* Dataset entries:
BEGIN

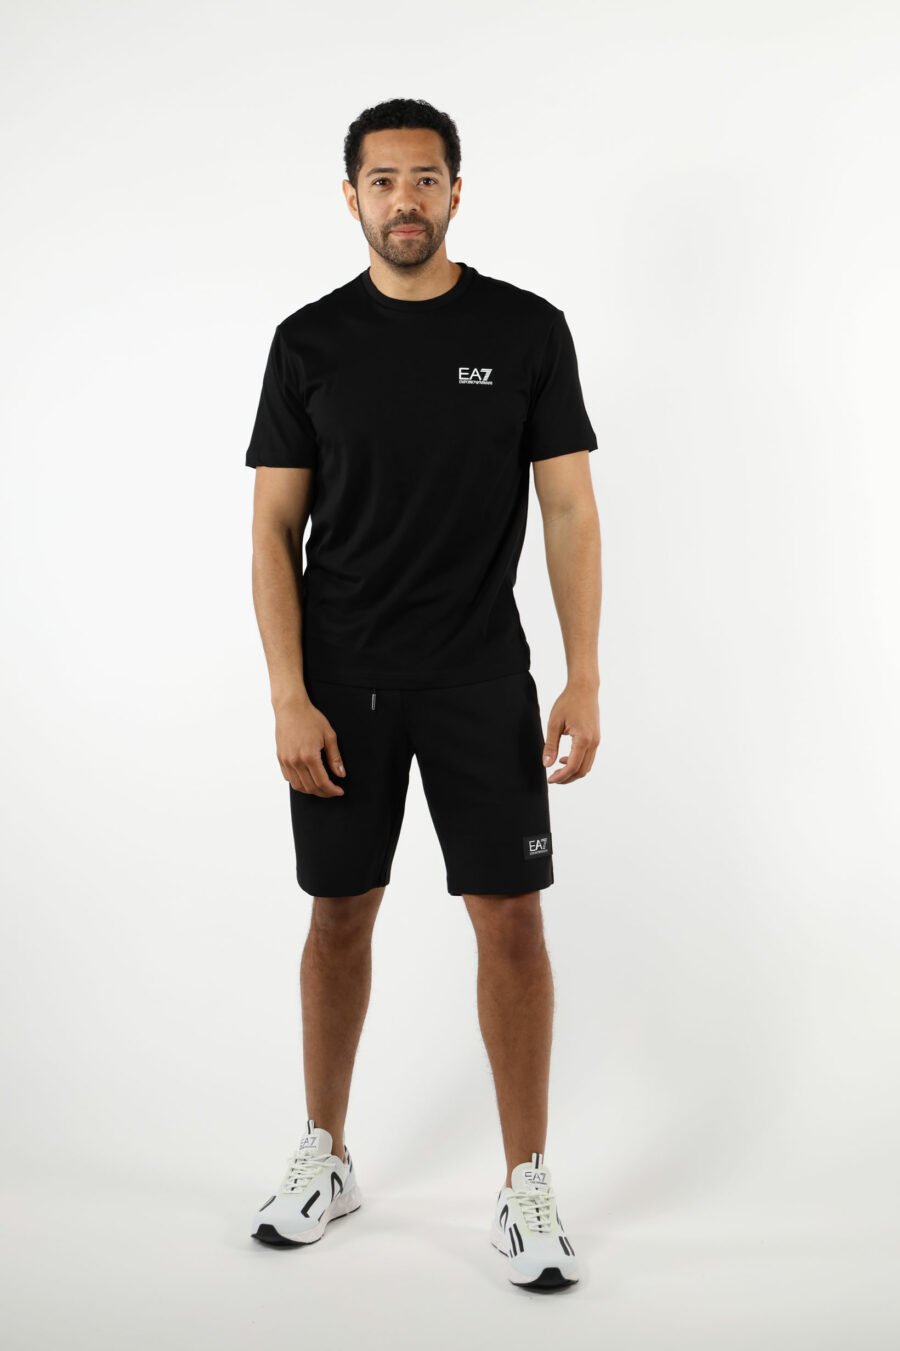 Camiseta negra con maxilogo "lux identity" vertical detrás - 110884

END
BEGIN

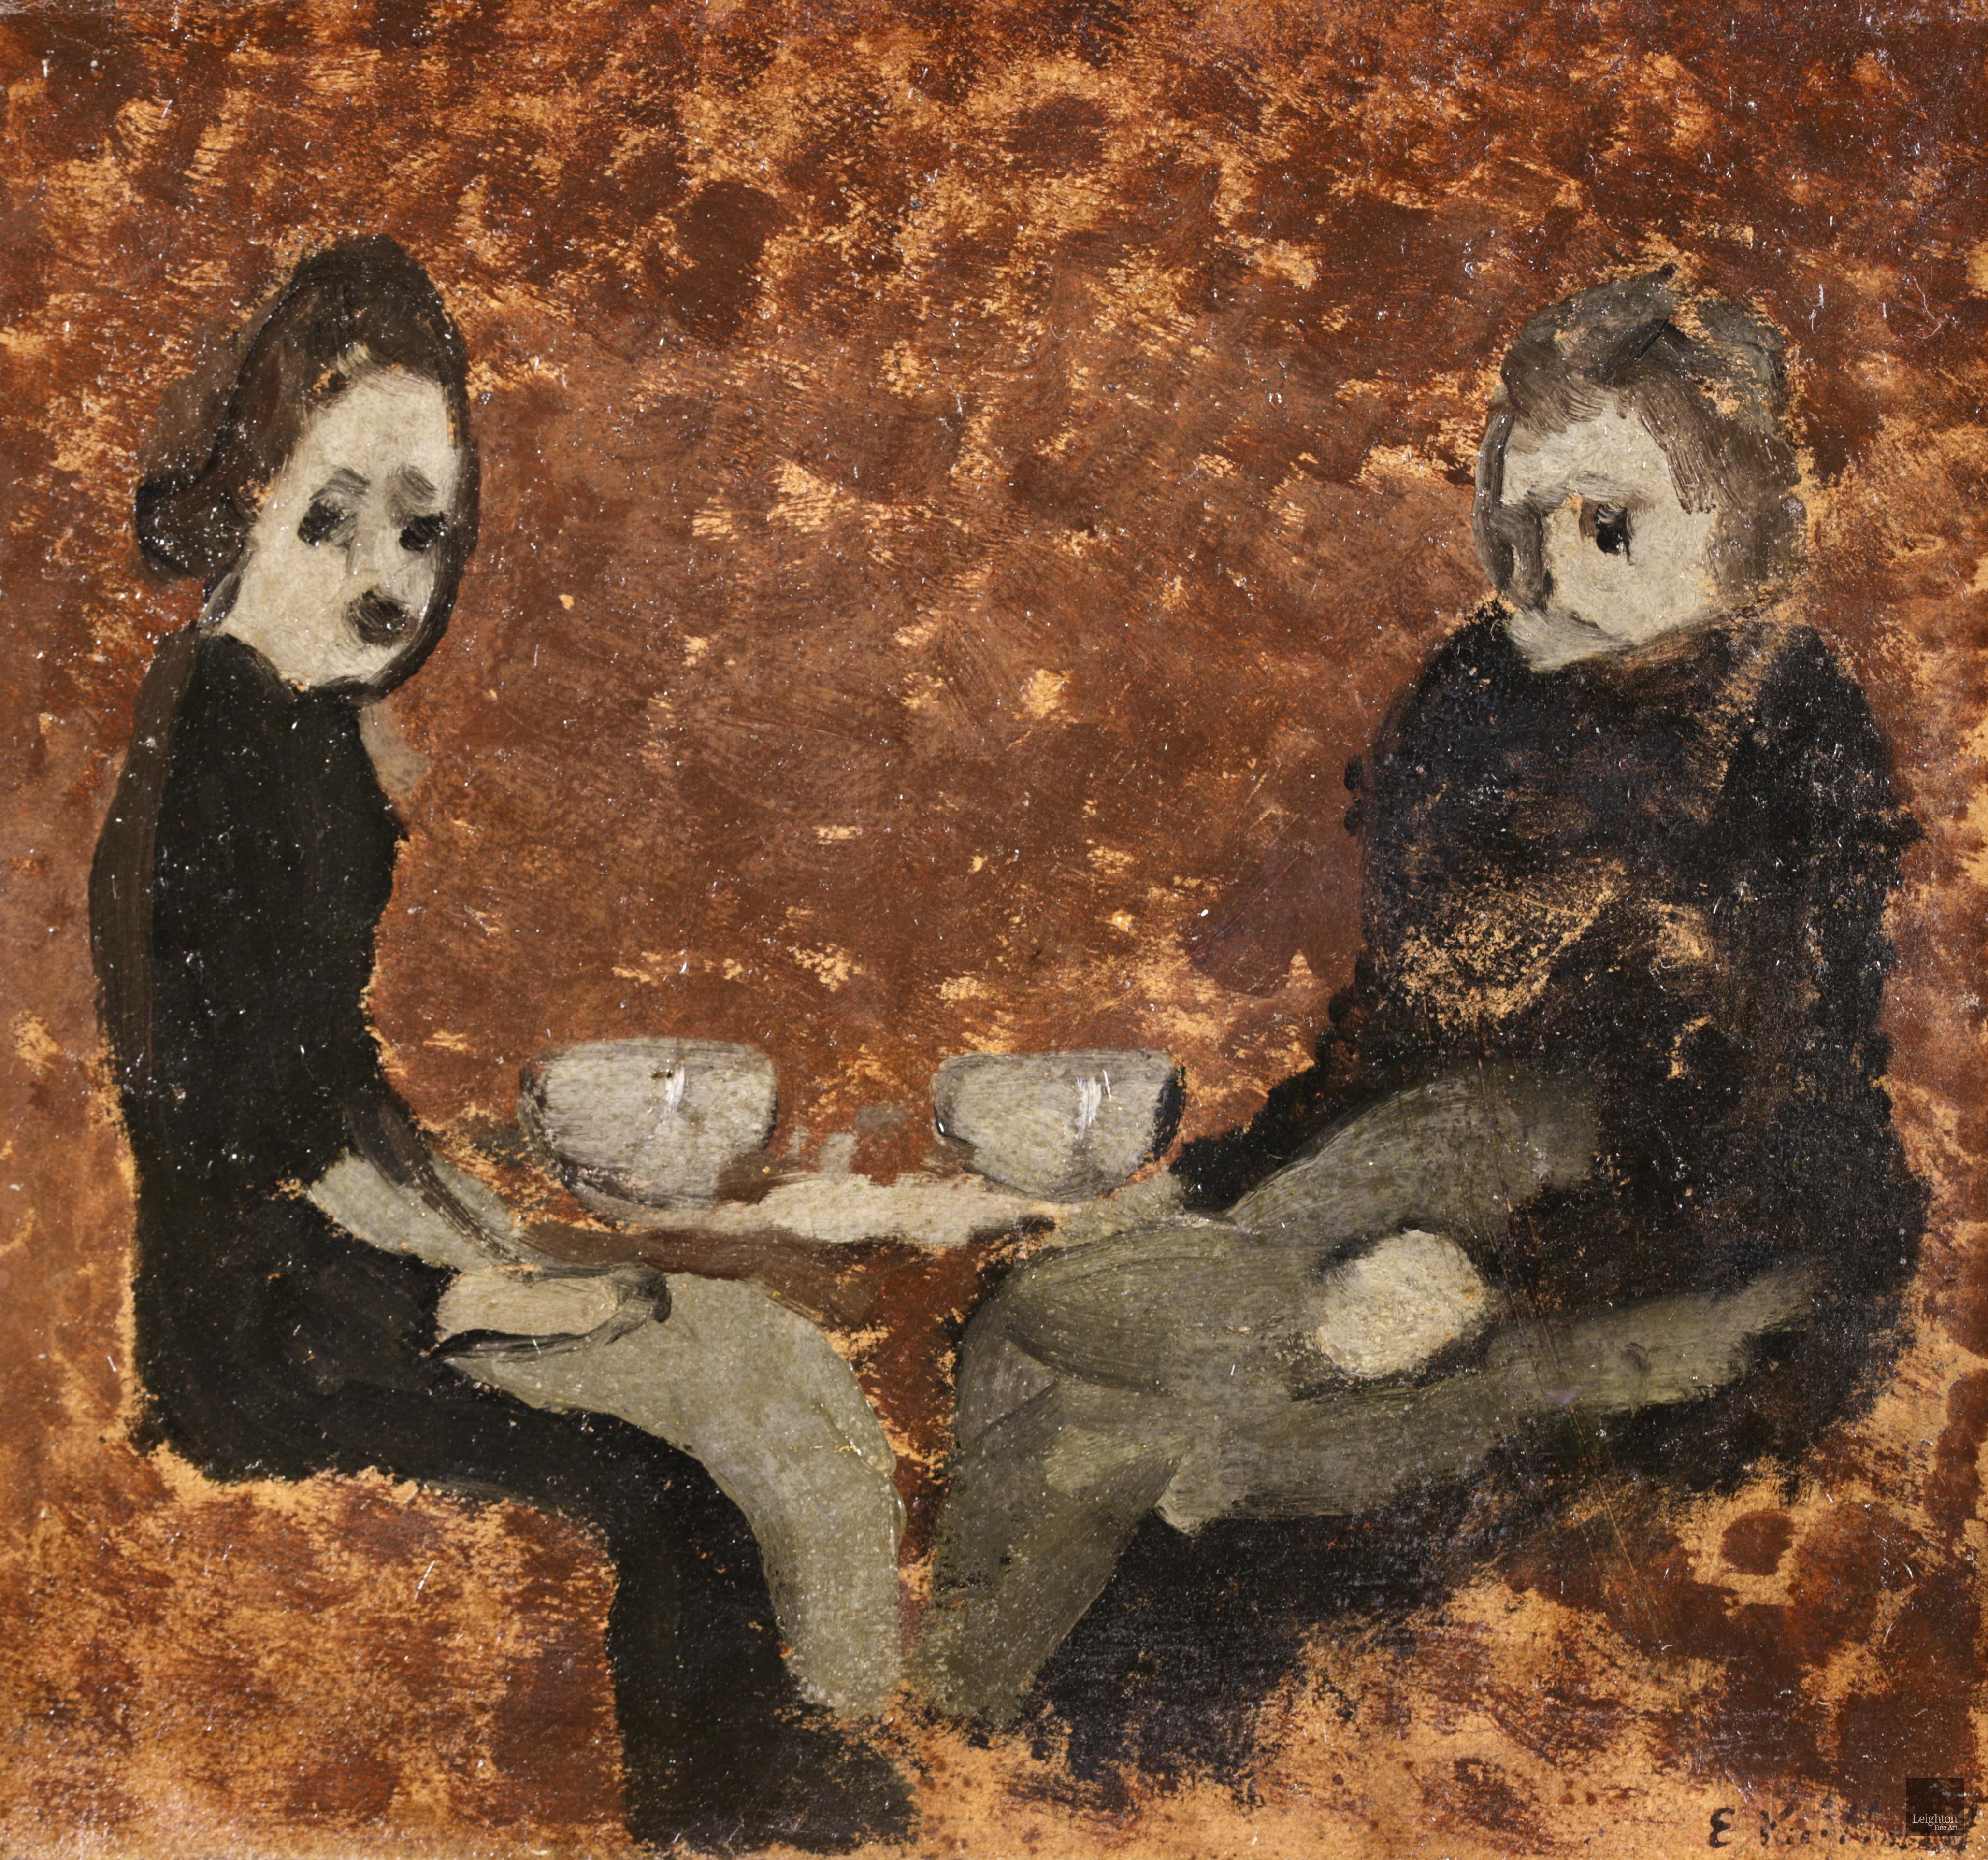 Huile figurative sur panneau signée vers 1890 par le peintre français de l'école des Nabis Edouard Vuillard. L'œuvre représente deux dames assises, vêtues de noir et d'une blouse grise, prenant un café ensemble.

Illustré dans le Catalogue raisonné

END
BEGIN

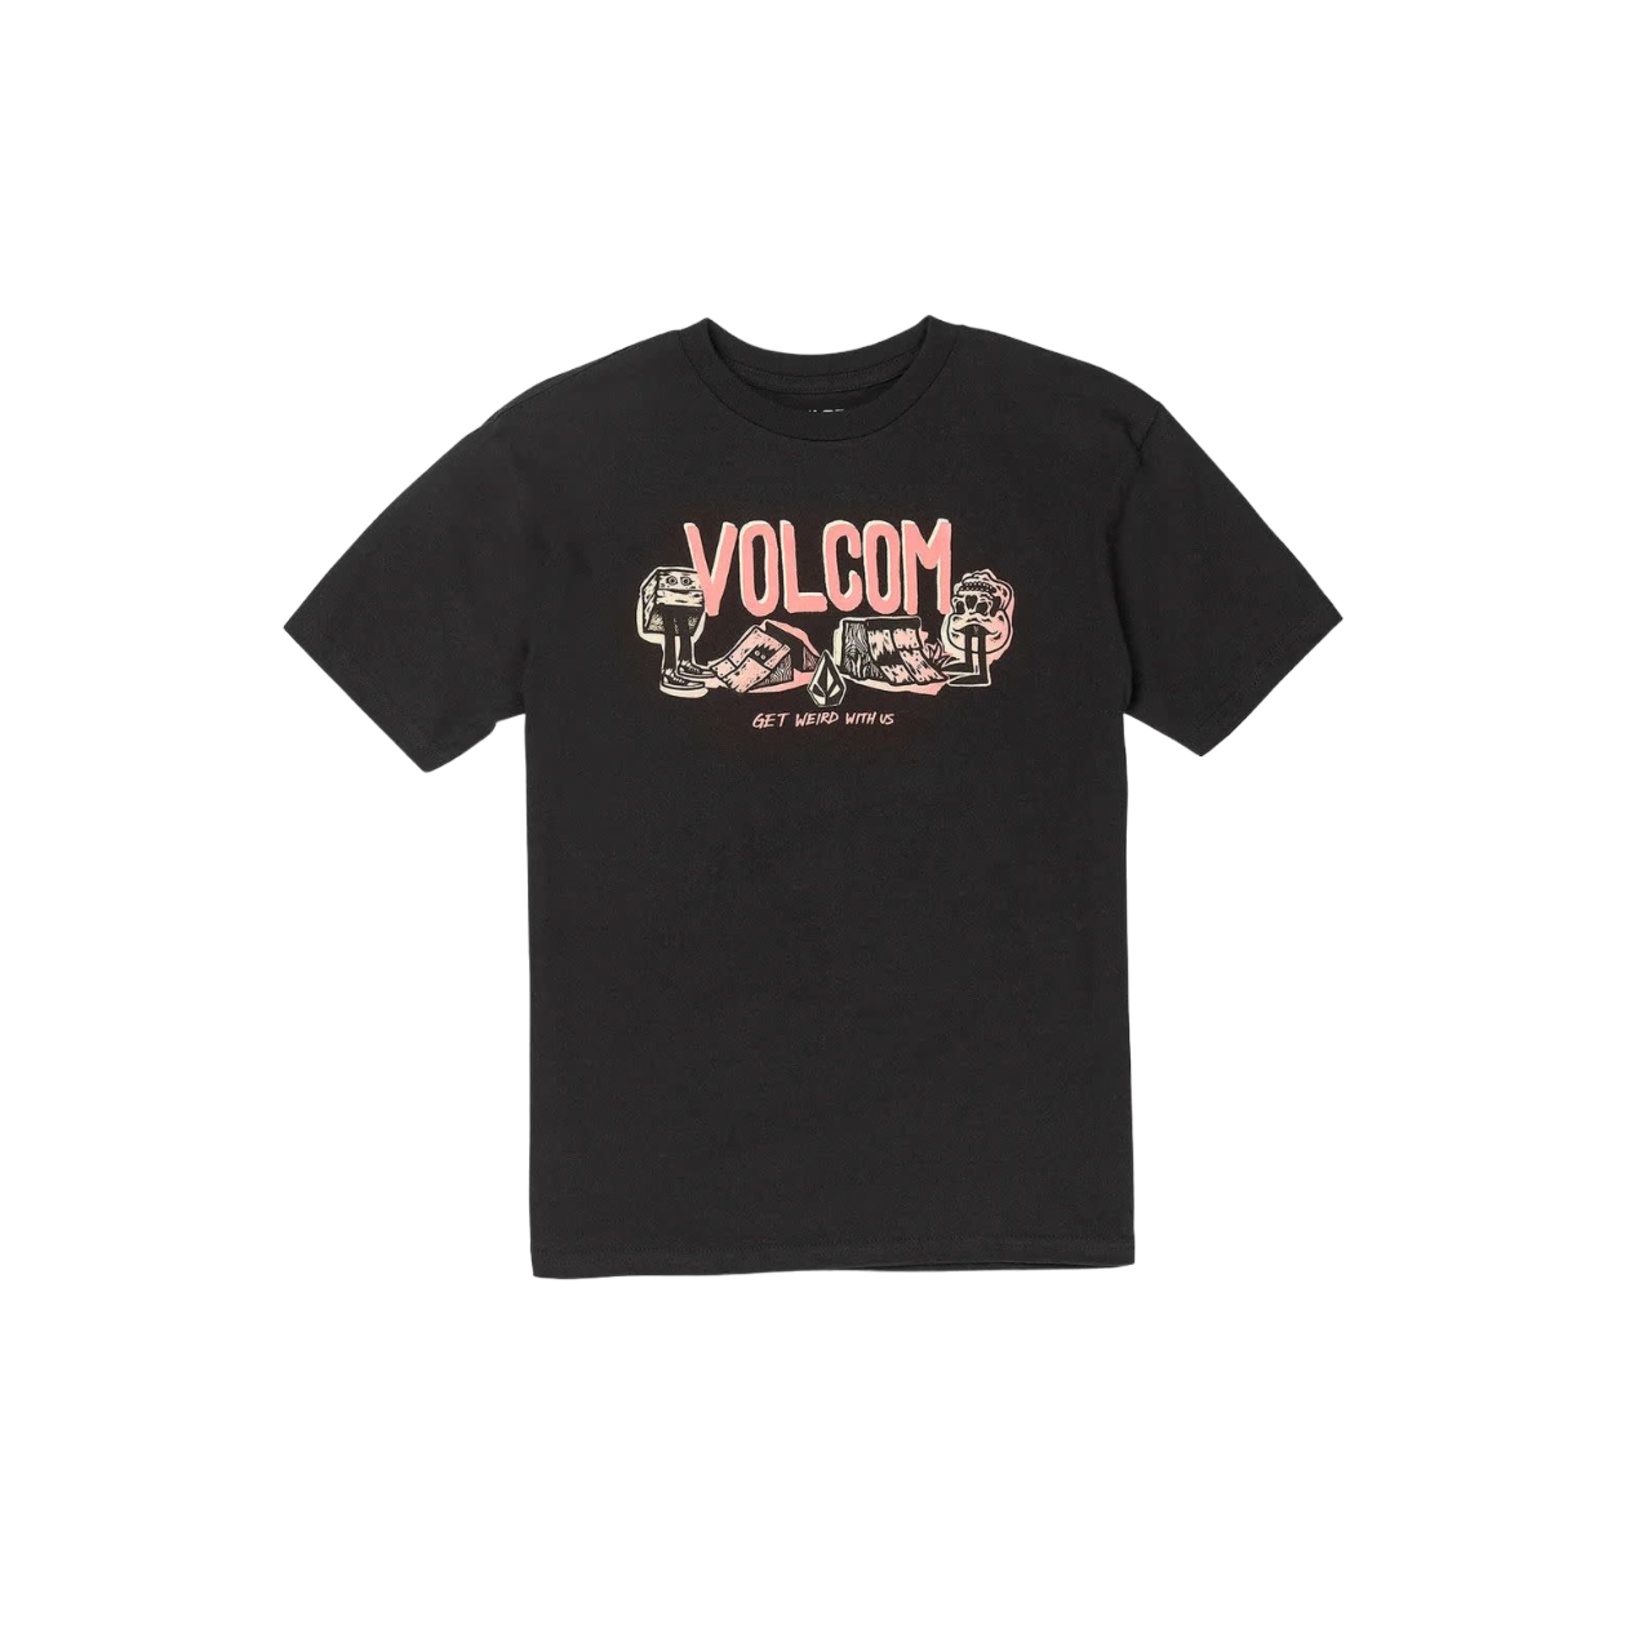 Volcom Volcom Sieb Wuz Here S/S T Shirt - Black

END

* Your task: Above are the records. Copy word for word only their lines from the one holding "Huile figurative sur" through the one holding "Illustré dans le Catalogue raisonné", both included, and skip the images.

* Solution to the exercise:
 Huile figurative sur panneau signée vers 1890 par le peintre français de l'école des Nabis Edouard Vuillard. L'œuvre représente deux dames assises, vêtues de noir et d'une blouse grise, prenant un café ensemble.

Illustré dans le Catalogue raisonné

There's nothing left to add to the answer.